▼

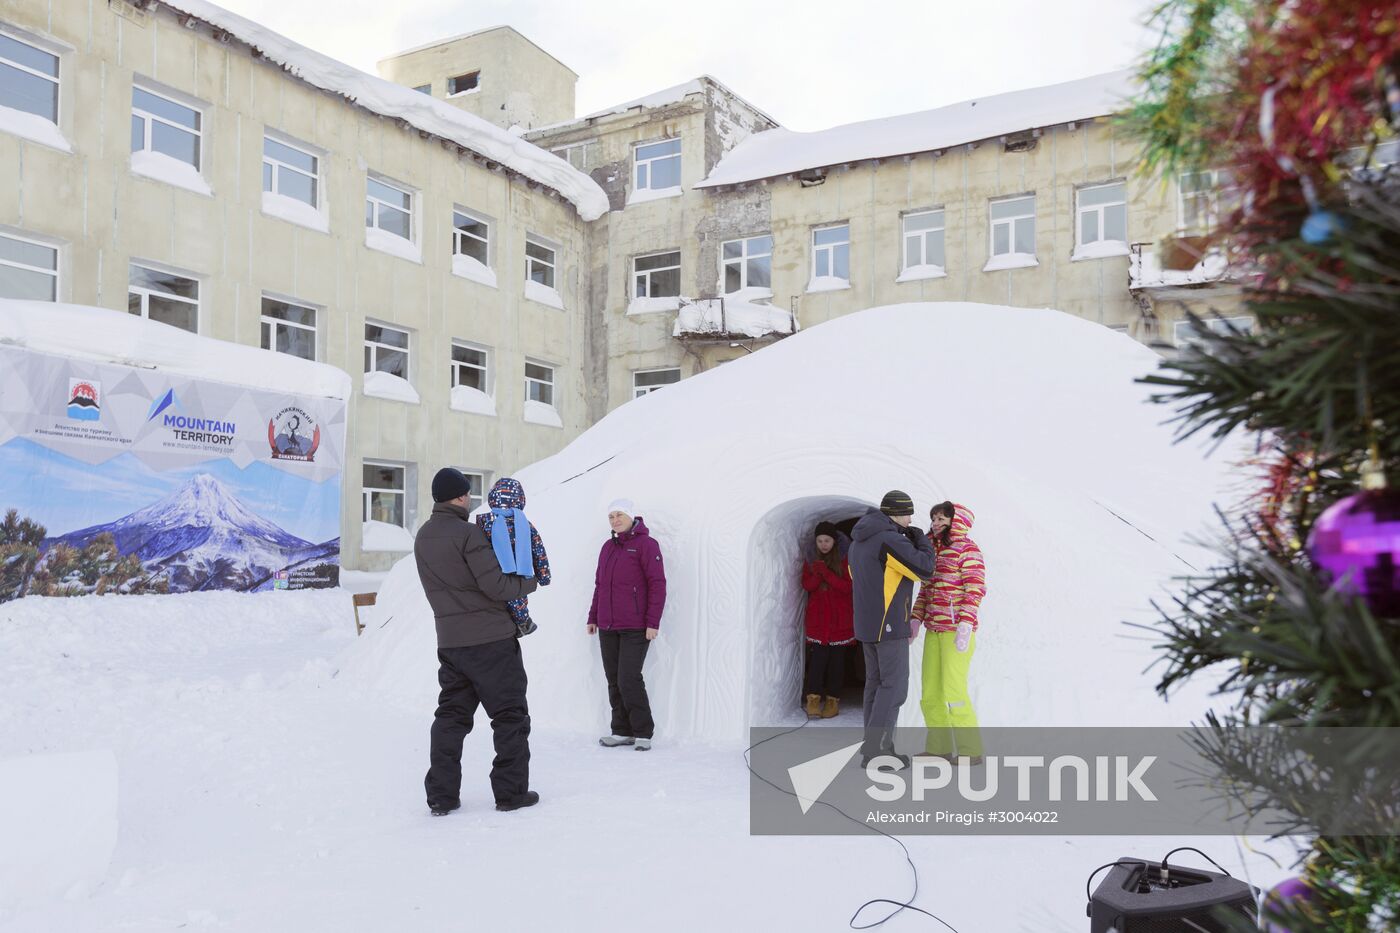 Russia' only igloo hotel unveiled in Kamchatka
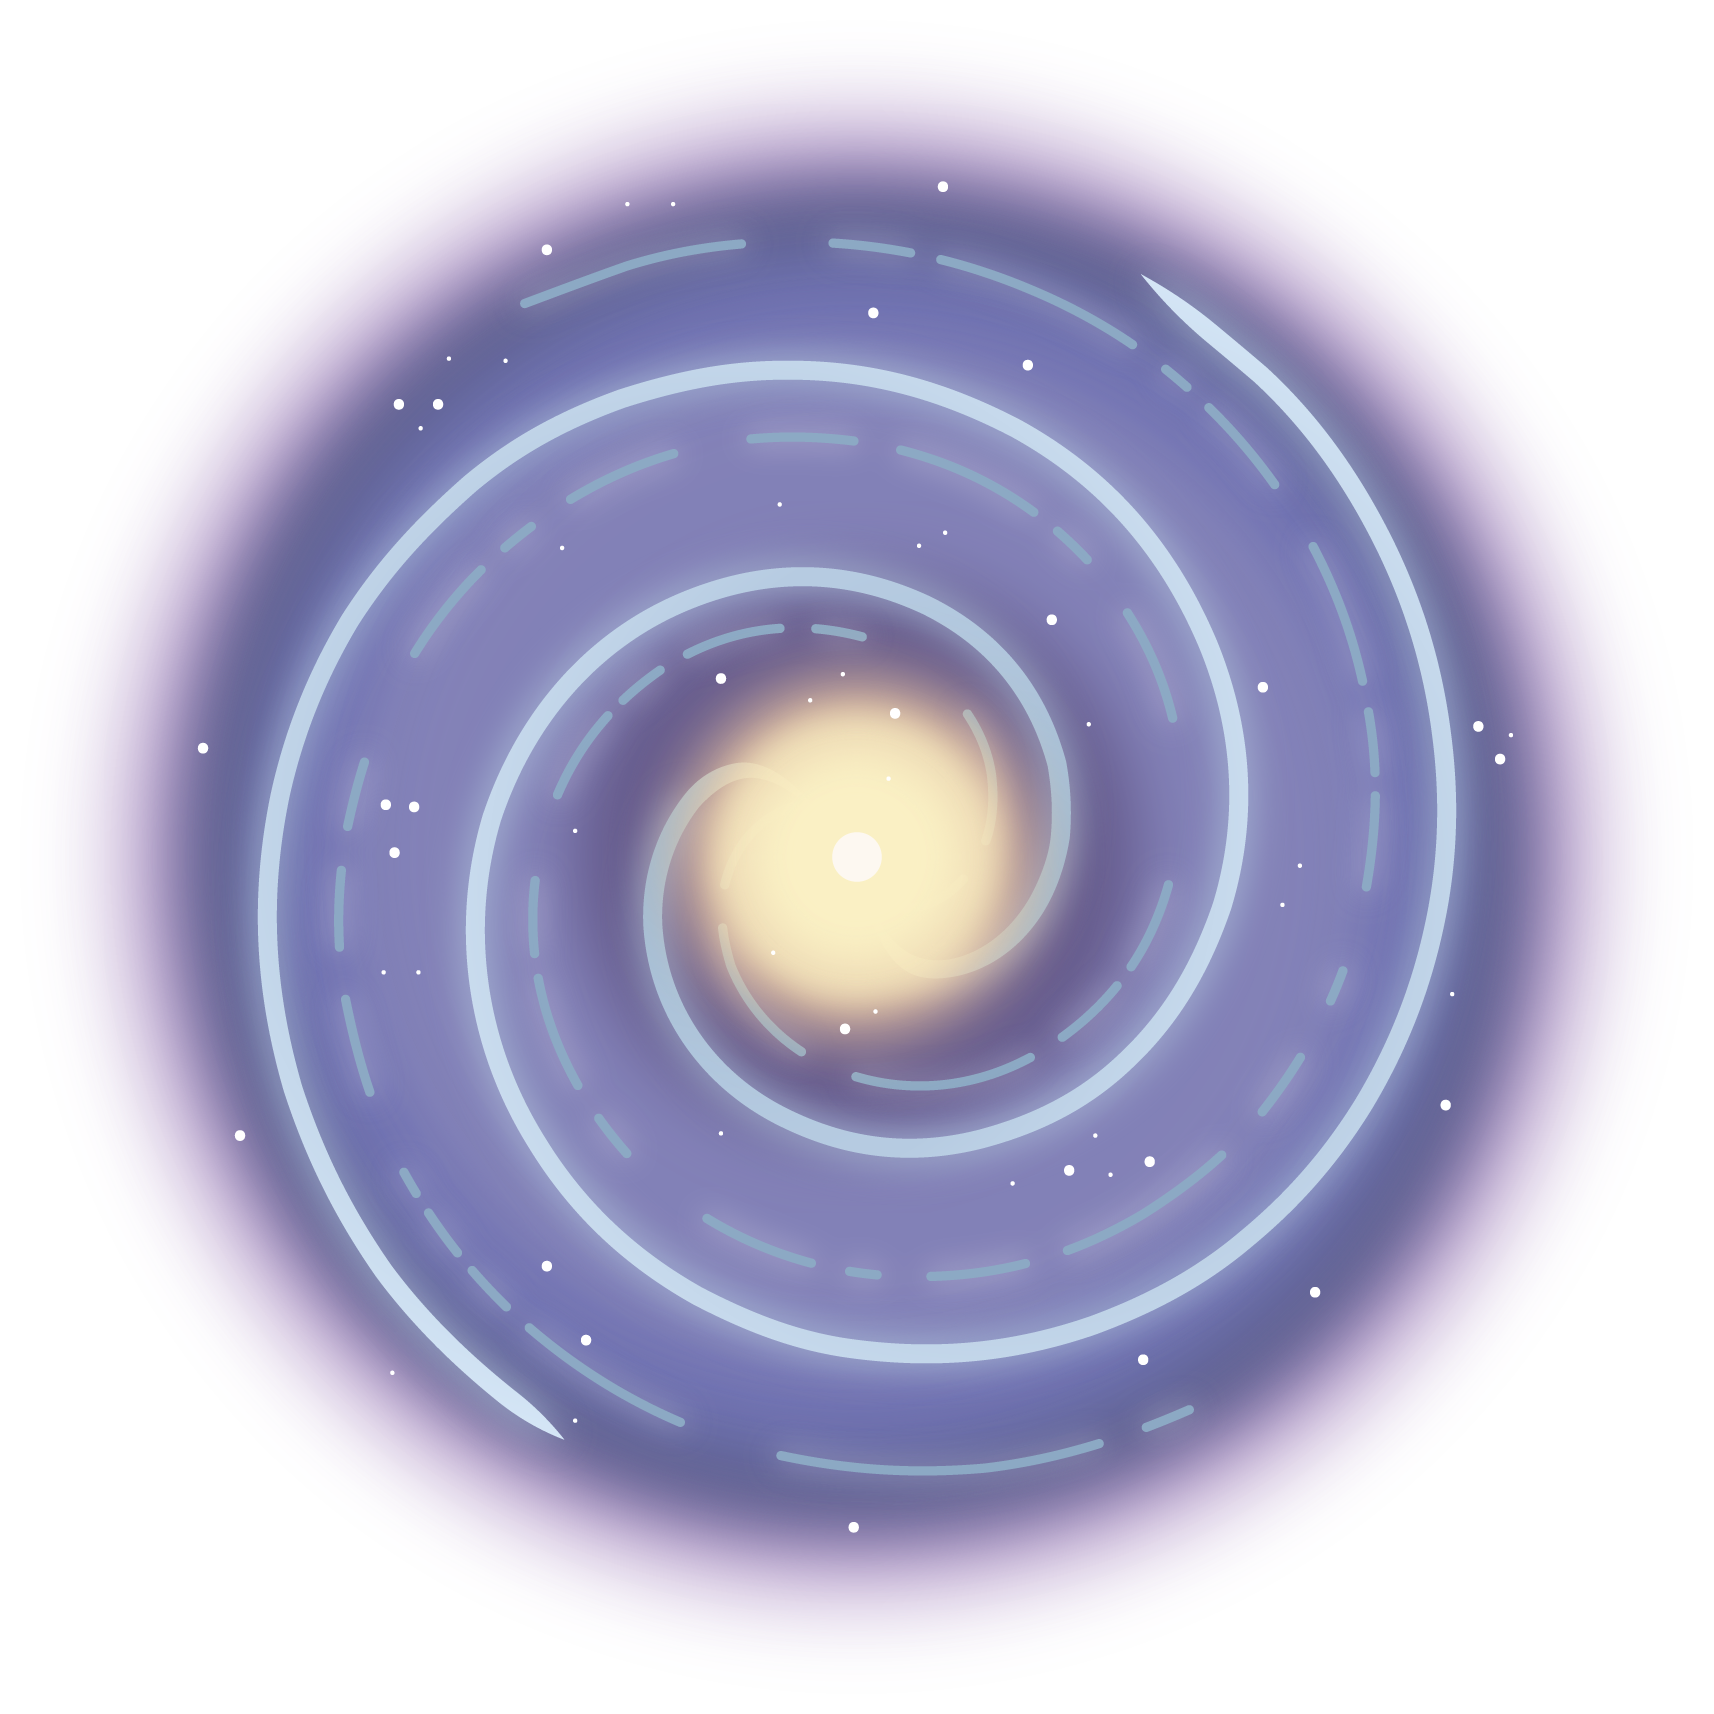 A hazy range of purples makes up the base of this swirling spiral of light blue lines twirling inward toward a yellow cloud with a white spot in the center. White dots representing stars speckle the image. 
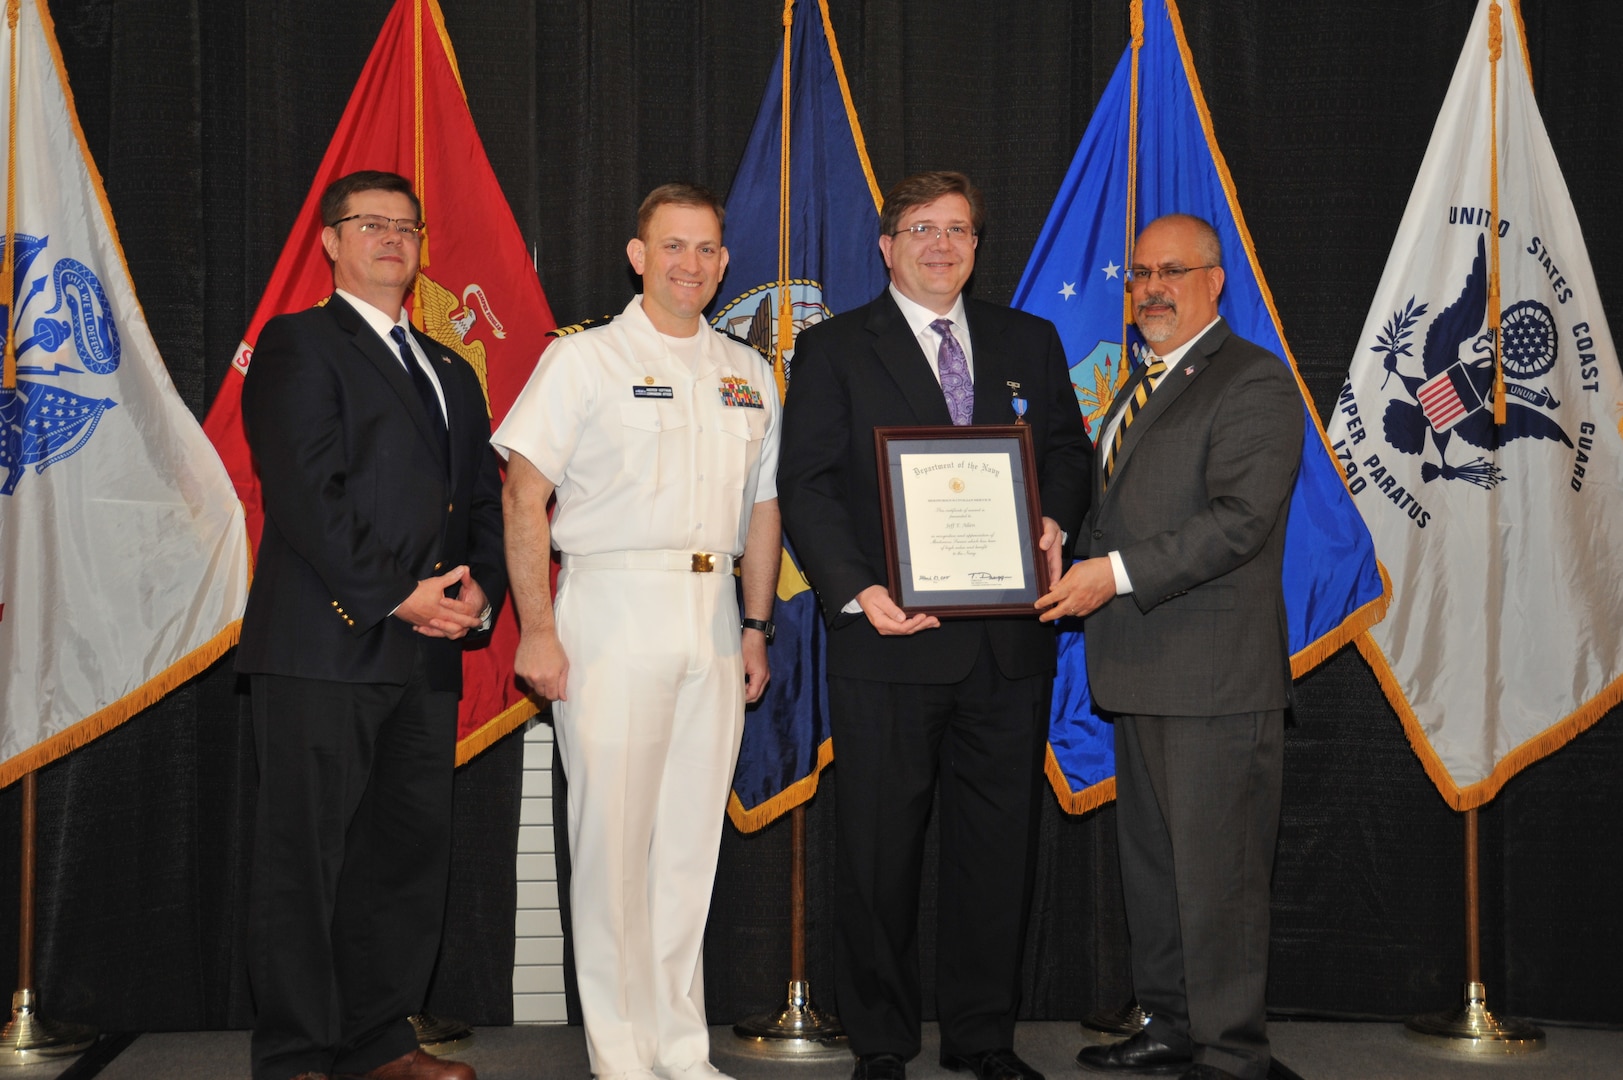 IMAGE: Jeff Allen is presented the Navy Meritorious Civilian Service Award at Naval Surface Warfare Center Dahlgren Division's annual awards ceremony, Apr. 26 at the Fredericksburg Expo and Conference Center

▲

What to produce:
Only the lines from the line with "A hazy range" through the final line of the material belong in the answer, copied exactly and without pictures.

Reply:
 A hazy range of purples makes up the base of this swirling spiral of light blue lines twirling inward toward a yellow cloud with a white spot in the center. White dots representing stars speckle the image. 
 IMAGE: Jeff Allen is presented the Navy Meritorious Civilian Service Award at Naval Surface Warfare Center Dahlgren Division's annual awards ceremony, Apr. 26 at the Fredericksburg Expo and Conference Center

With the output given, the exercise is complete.